Para Joaquín Garralda, a posição que tinha a Gamesa na Ásia e na América Latina foi um dos incentivos que tornavam mais interessantes a fusão da empresa espanhola com a Siemens, que buscava um rápido posicionamento no mundo. Para a espanhola, a vantagem é que “a integração vai torná-la muito mais competitiva” em seu crescimento nesses mercados. “Sem dúvida, os demais concorrentes estarão muito dependentes dos passos que deverão seguir, já que serão eles, em grande medida, os que ditarão a pauta das estratégias globais. Elas serão responsáveis pela tendência do setor nos próximos anos”, explica Jon Segovia.

Os especialistas concordam com a importância dessa operação e com sua idoneidade. Para Jon Segovia, da Deusto, “estamos diante de um setor cada vez mais concentrado, por isso perder uma oportunidade tão importante como essa pode significar ficar fora da grande disputa de concentração em que nos encontramos, por isso é imprescindível estar à frente do setor”. Garralda apoia esse aspecto, mas alerta também para o fato de que uma fusão desse porte não está isenta de riscos. Por um lado, como se trata de duas empresa europeias, ele diz que do ponto de vista regulatório não há problema, nem mesmo no que se refere às condições de trabalho dos empregados de ambas as empresas, já que tanto a Espanha quanto a Alemanha têm normas muito semelhantes. “Tampouco haverá problemas do ponto de vista geográfico, já que os dois países se complementam bem”, diz. Contudo, observou, “é preciso ter muito cuidado com o capital humano”. Para Joaquín Garralda, do IE, embora haja sempre a tendência de pensar na parte mais industrial, não se pode perder de vista que “as pessoas são parte dos ativos” e, evidentemente, há sempre estruturas e departamentos que se superpõem ou que se duplicam. Na hora de organizar esses aspectos, “é preciso prestar atenção especialmente aos profissionais, de modo que eles continuem na empresa e não migrem para a concorrência”. Por outro lado, Segovia acrescenta que uma operação desse tipo “provavelmente custará a independência de atuação e, por outro, uma perda de agilidade na forma de decisão, própria de qualquer empresa”.

E, embora possa parecer um problema menor, diferentes estudos mostram que entre 40% e 70% de acordos, alianças e fusões desse tipo não oferecem sempre os melhores resultados.
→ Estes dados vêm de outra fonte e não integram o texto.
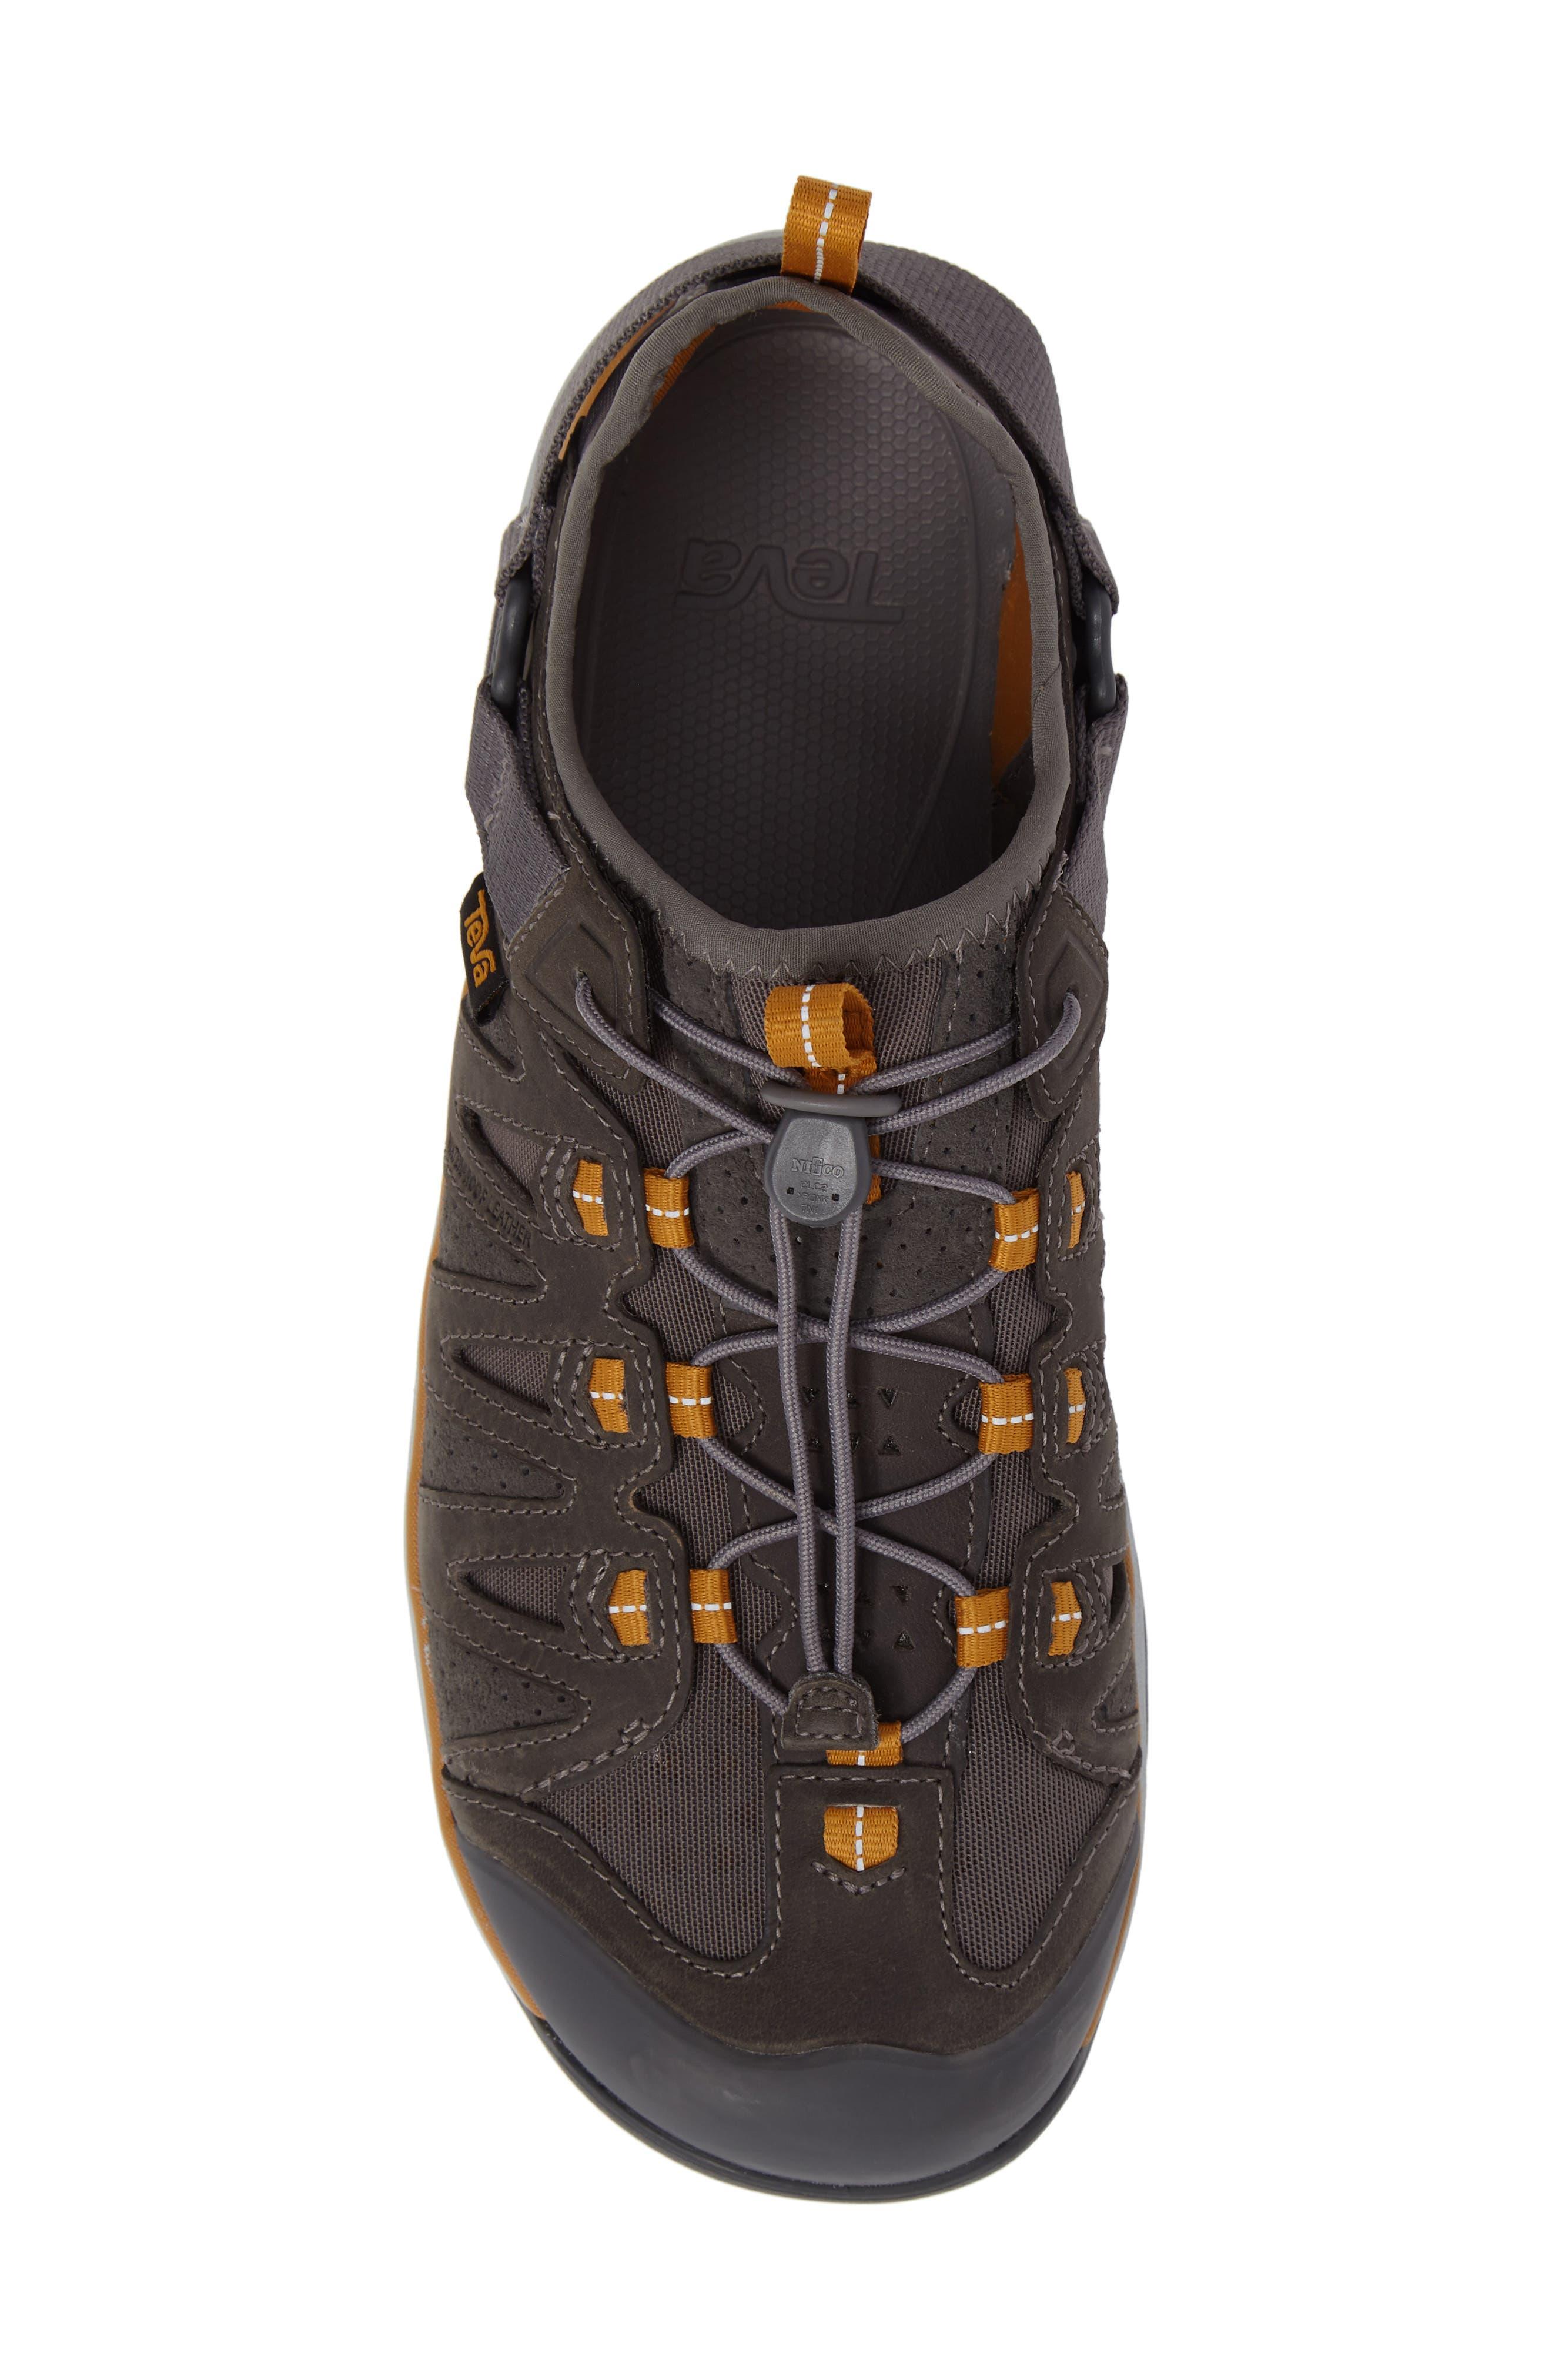 Terra Float Active Sandal,                             Alternate thumbnail 5, color,                             060

De acordo com a consultoria Aon Hewitt, 1/3 das empresas atribui seu fracasso às diferenças de cultura corporativa. Por isso, Sebastian Reiche, professor da Escola de Negócios IESE, acredita que criar equipes conjuntas de ambas as empresas que tenham vivido e trabalhado nos dois países (Espanha e Alemanha) é uma boa forma de começar a trabalhar. Os especialistas ressaltam que tudo dependerá da forma como a integração será articulada. No momento, parece que o equilíbrio entre ambas as empresas está assegurado. O novo conselho de administração da Gamesa resultante da fusão será constituído de 13 membros, dos quais cinco serão nomeados pela Siemens, dois pela Iberdrola, quatro são independentes e dois executivos (o CEO e o secretário do conselho). Os cinco representantes externos escolhidos pela Siemens para o conselho da empresa são a presidente da Siemens Espanha, Rosa García; Mariel von Schuman; Lisa Davis; Klaus Helmrich e Ralf Thomas. Além disso, a multinacional alemã ficará encarregada de nomear o presidente não executivo da Gamesa, cargo que deverá ser ocupado, ao que tudo indica, pela própria Rosa García.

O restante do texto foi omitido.